# [Input data]
- Opening Delimiter -

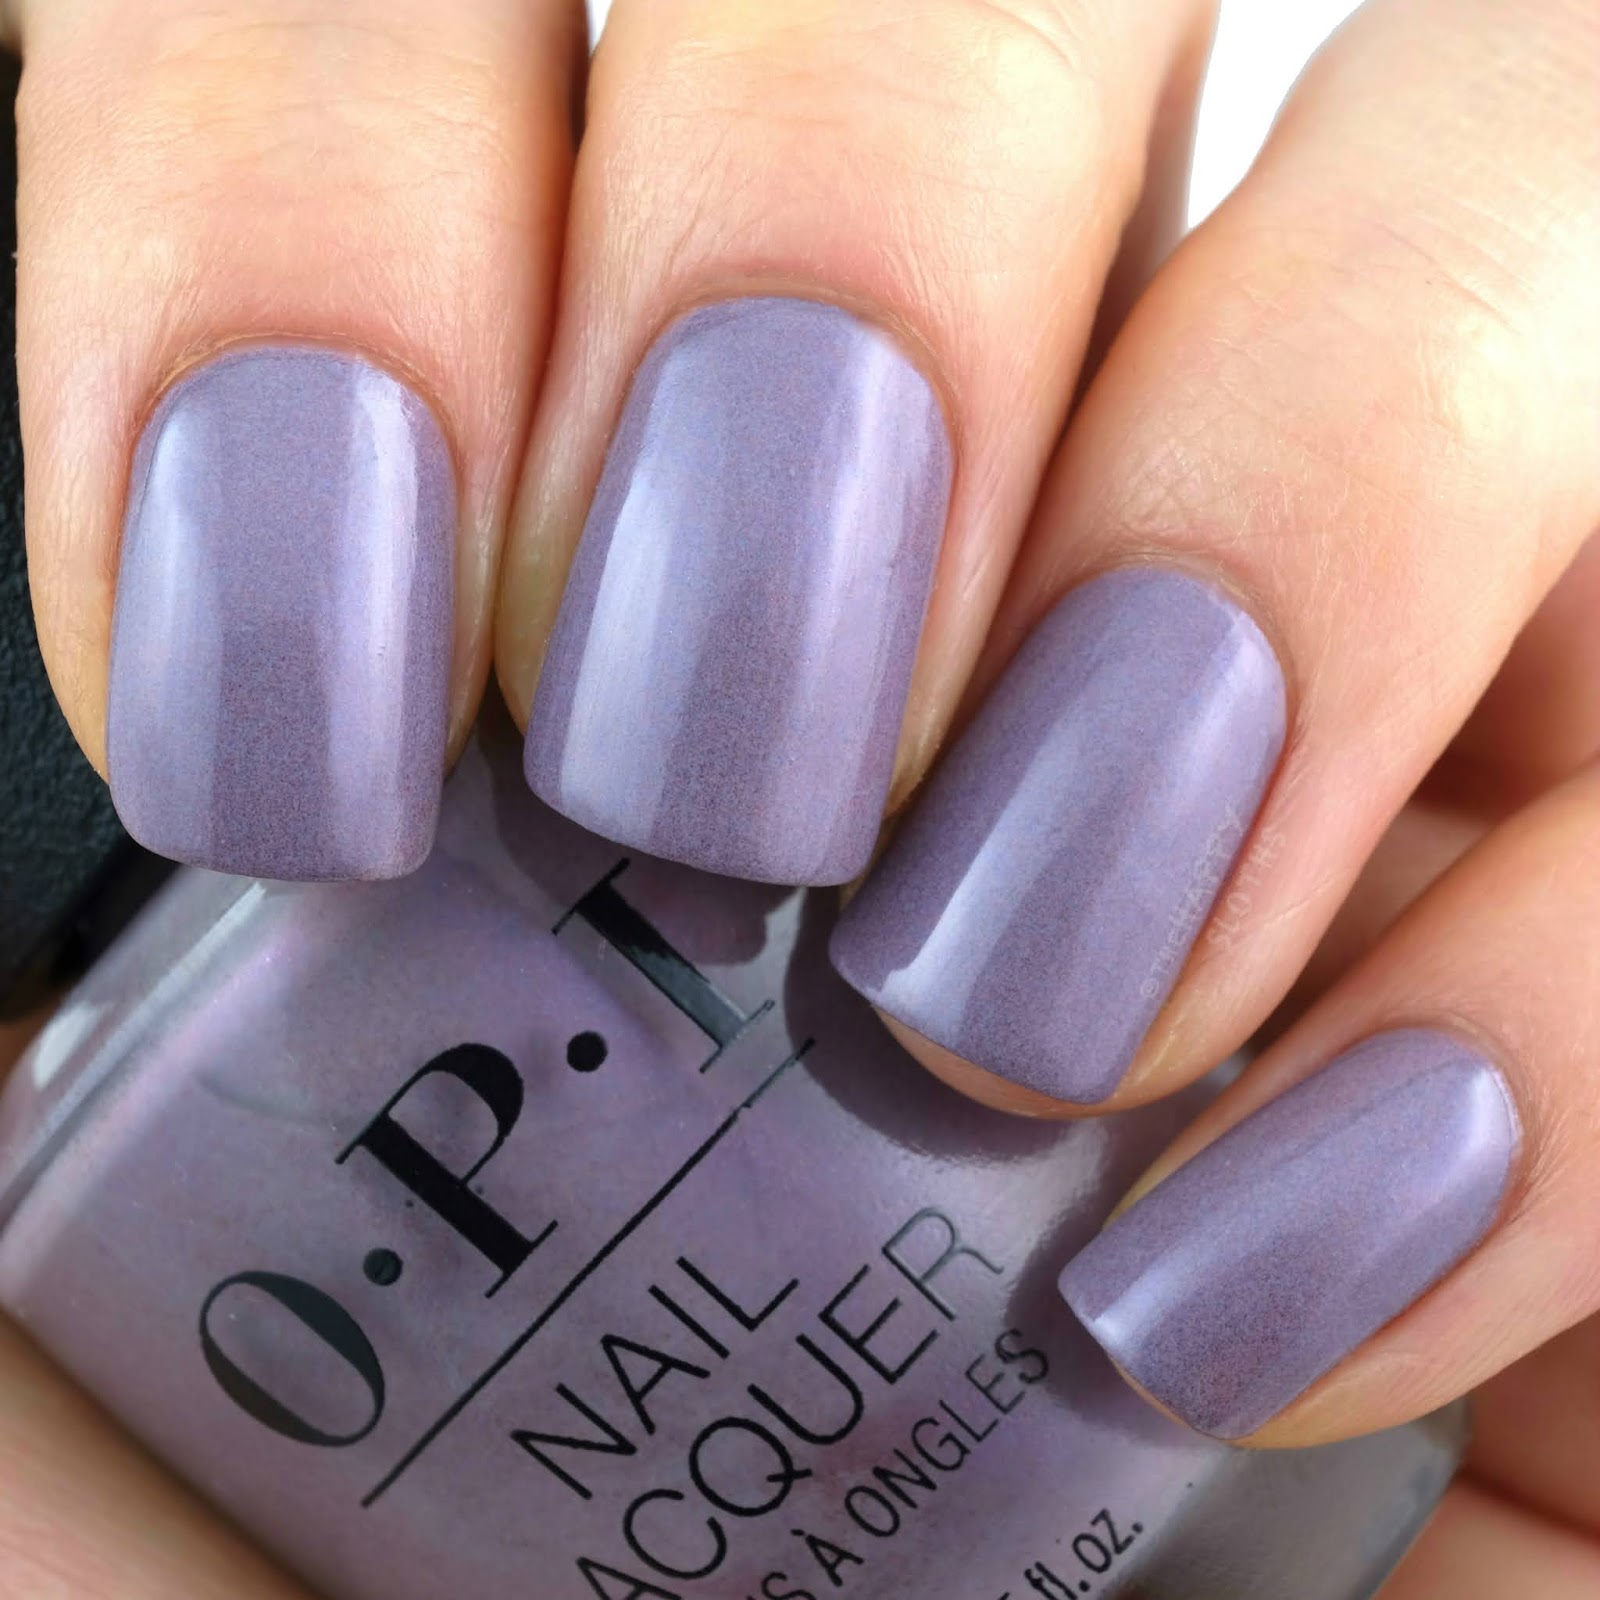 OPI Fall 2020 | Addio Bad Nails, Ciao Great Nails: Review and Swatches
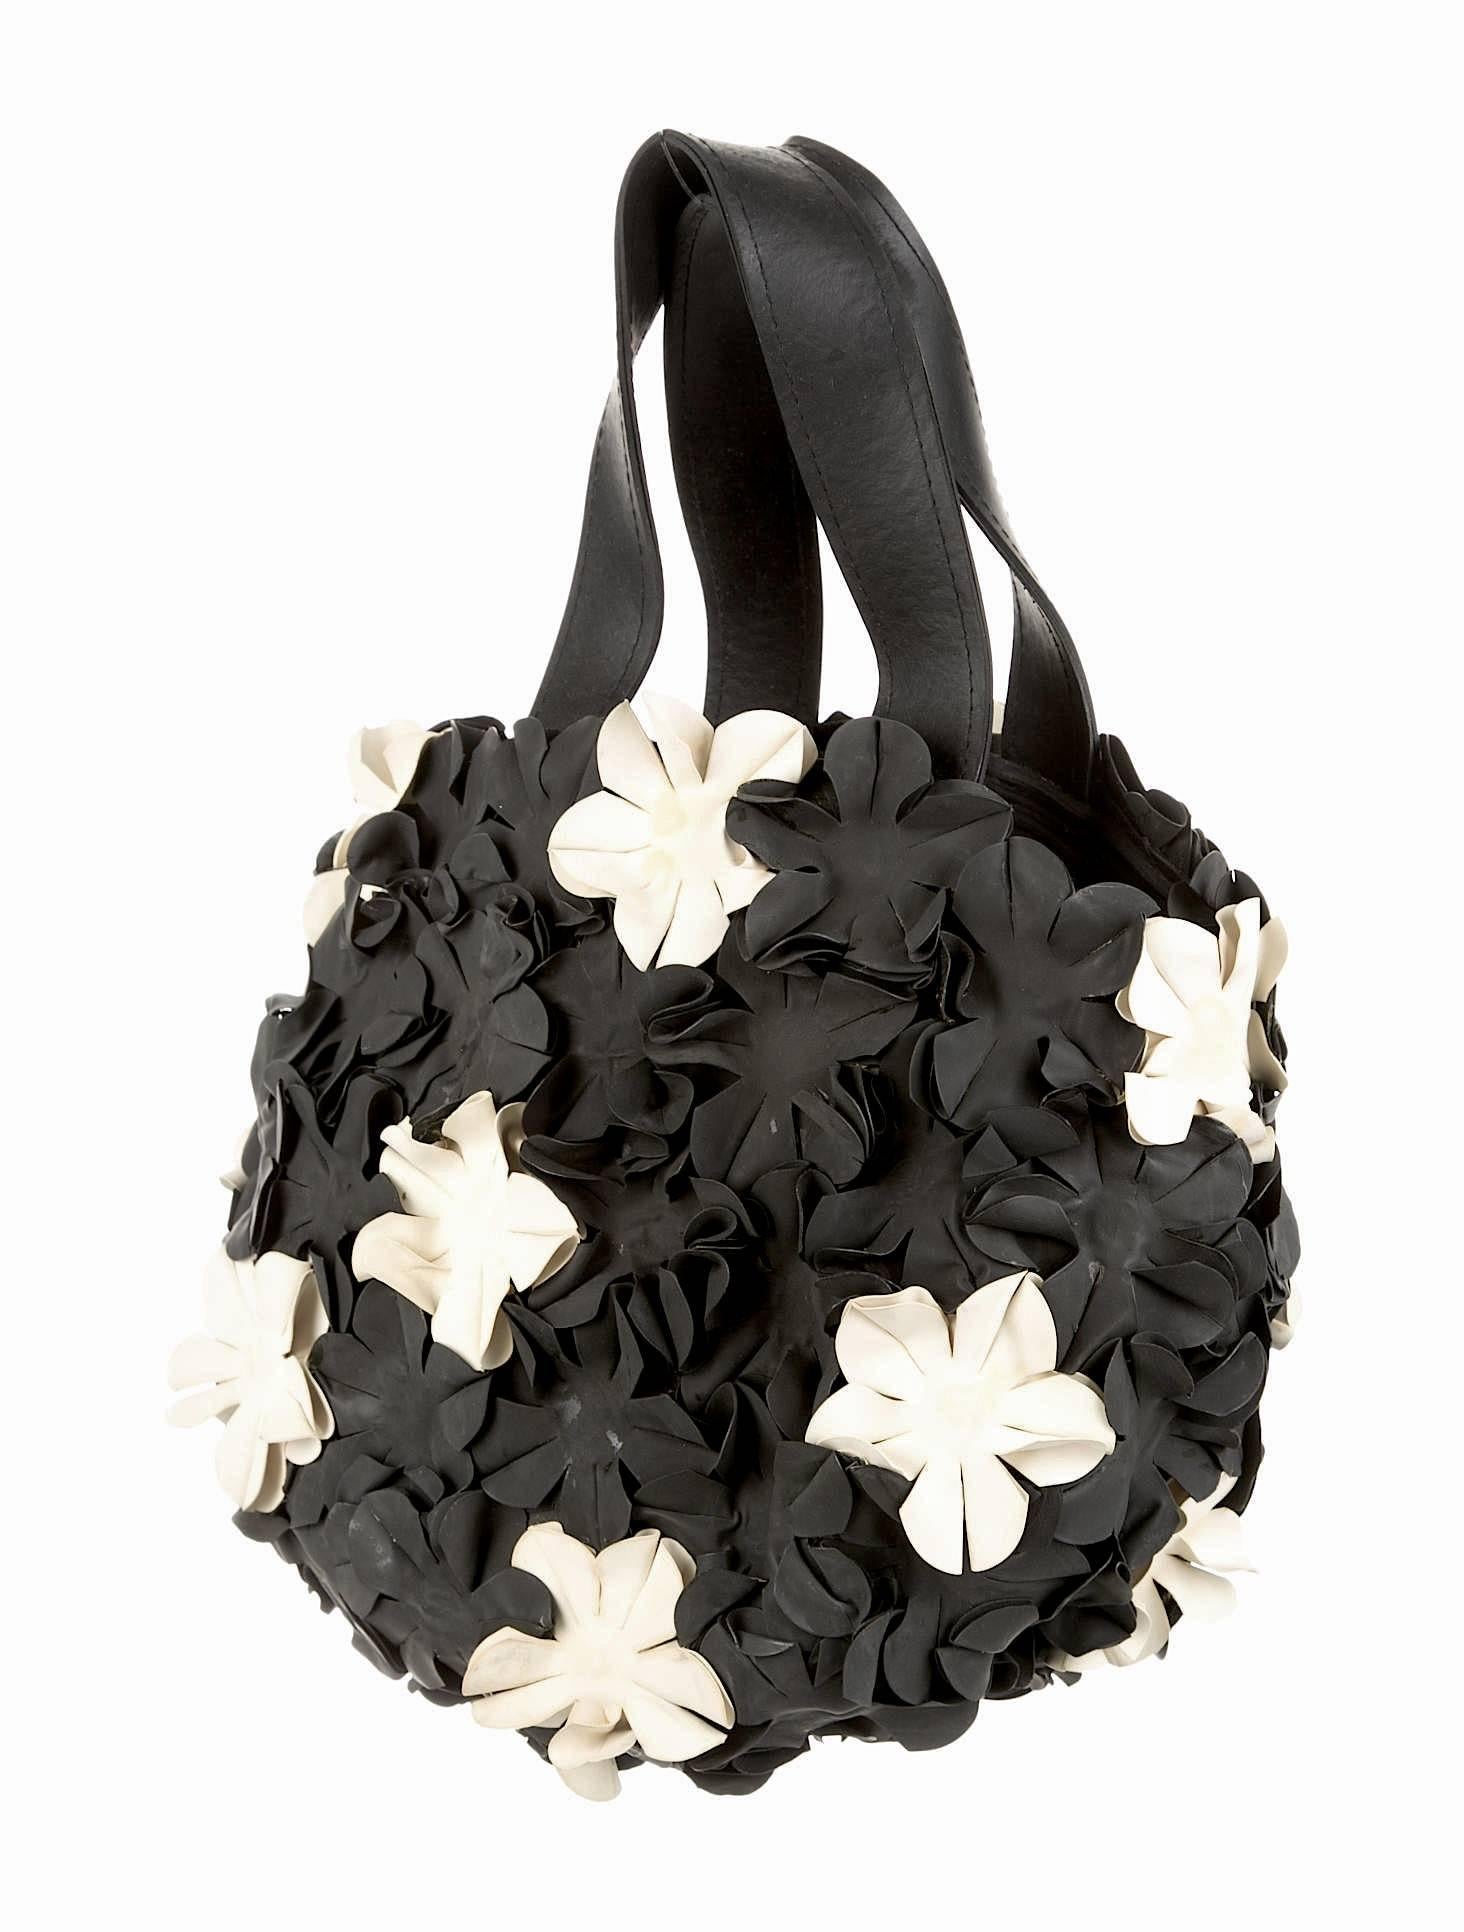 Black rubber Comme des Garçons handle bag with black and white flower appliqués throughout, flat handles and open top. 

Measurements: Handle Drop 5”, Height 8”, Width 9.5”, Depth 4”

- Closing Delimiter -

# [Task description]
Reproduce the material above in full, exactly, with no images.

# [Exercise response]
 OPI Fall 2020 | Addio Bad Nails, Ciao Great Nails: Review and Swatches
 Black rubber Comme des Garçons handle bag with black and white flower appliqués throughout, flat handles and open top. 

Measurements: Handle Drop 5”, Height 8”, Width 9.5”, Depth 4”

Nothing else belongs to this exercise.